6:05、頂上着。かまくらは裾が広がって、堂々としていた。マイナス7度。

〈下山〉
 文殊尾根を下りる。雪が深いがスパッツをしているので、靴に雪は入らない。快適である。「誰がスパッツ持っていこうと言うた?」と言うと、「誰がきちんと直しとって、さっと出した?」と妻は返してくる。
 丸太の階段のところで、登山道脇の雪の深さを測る。手を伸ばして入れると、腋の下まで入る。妻は手を広げて、1、2、3と私の腕を計測してくれる。「70センチはあるかな。」アイゼンをしていない妻は遅れ気味で、4回転び雪にまみれた。私は何度も立ち止まりながら待つ。それでも妻は樹氷を観察し、巻き道で雪を蹴ってコロコロを楽しんだ。
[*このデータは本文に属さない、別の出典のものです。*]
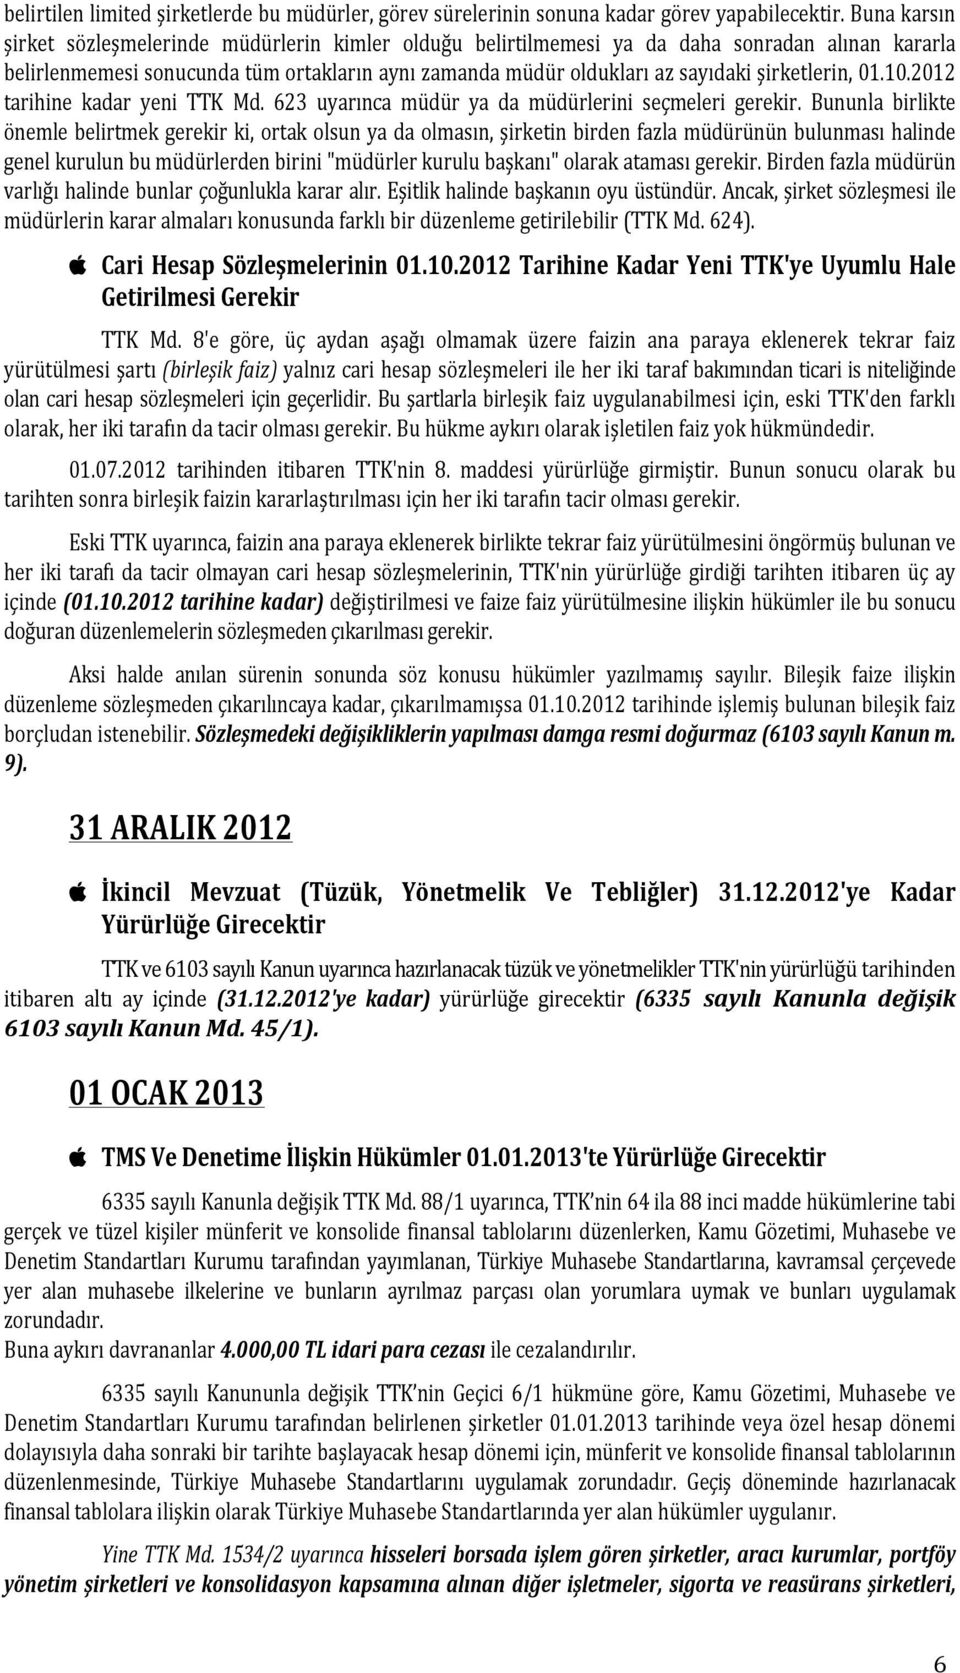 şirketlerin, 01.10.2012 tarihine kadar yeni TTK Md. 623 uyarınca müdür ya da müdürlerini seçmeleri gerekir.
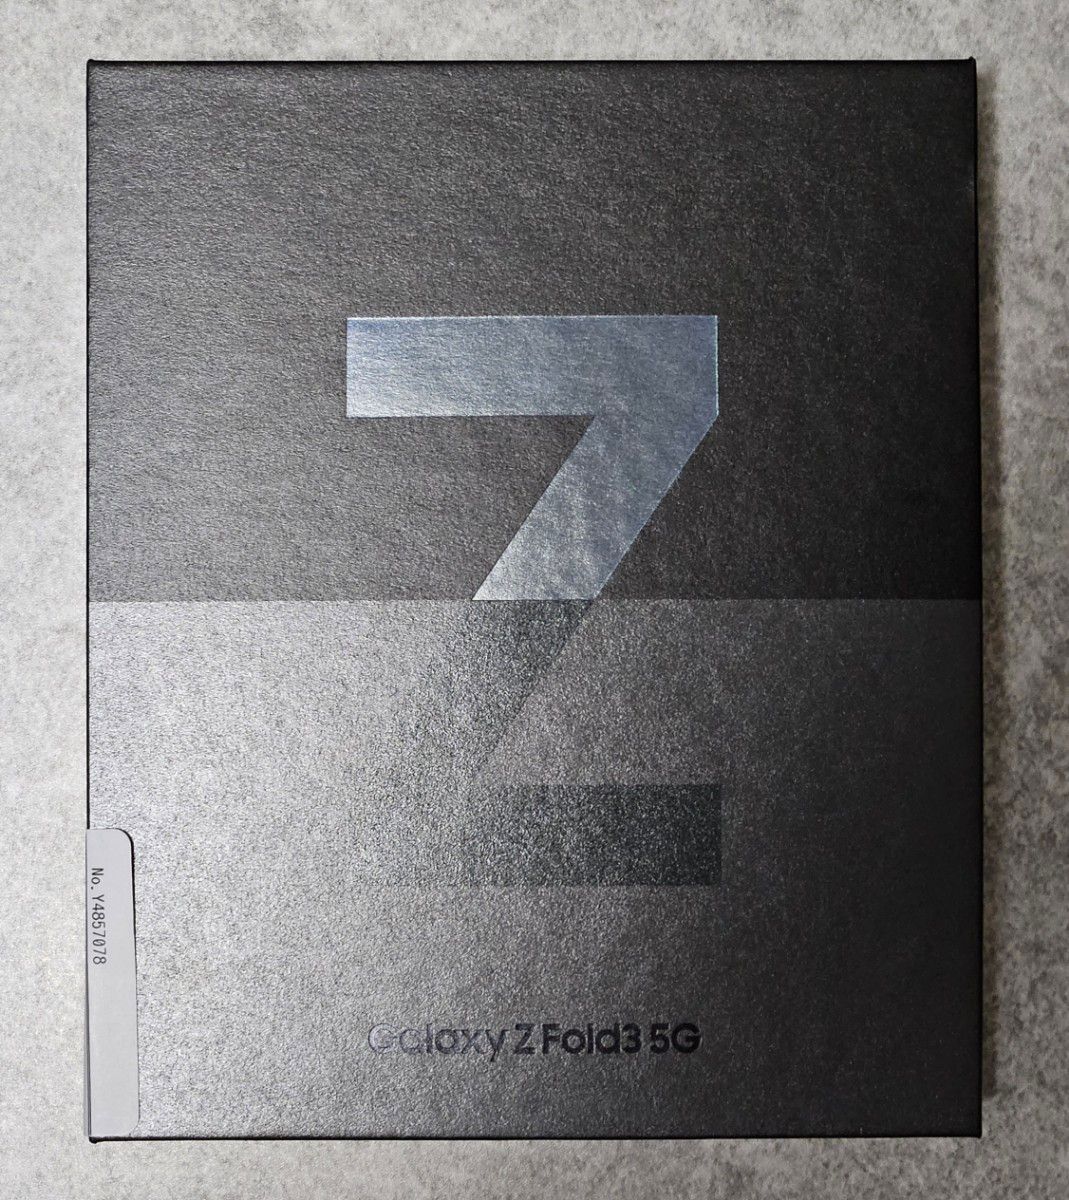 Galaxy Z Fold3 5G GB 日本版au SCG ファントムグリーン｜PayPay

 念仏坂で、登ってくる女性1人、男性2人のグループに会う。1人は若い女性、Fちゃん。金剛山のアイドル。出会った人と誰とも仲良く登っている。今日もそうだ。「Fちゃんじゃないか。こんな日に来るのは、こんな人だけやで。」と同行の男性を見て言う。すると男性が「その言葉、そっくりそのまま返ししますわ。」みんな笑う。7時に無事下山。何年ぶりかの大雪だった。妻は「ああ、楽しかった。」と体を伸ばす。
 
〈融雪剤散布車〉
 バス亭がある広場には、融雪剤散布車が2台止まっていた。「頼もしい。」と妻。休憩中だろうか。それとも、まだ作業は続くのだろうか。散布車に感謝して、気をつけて帰ろう。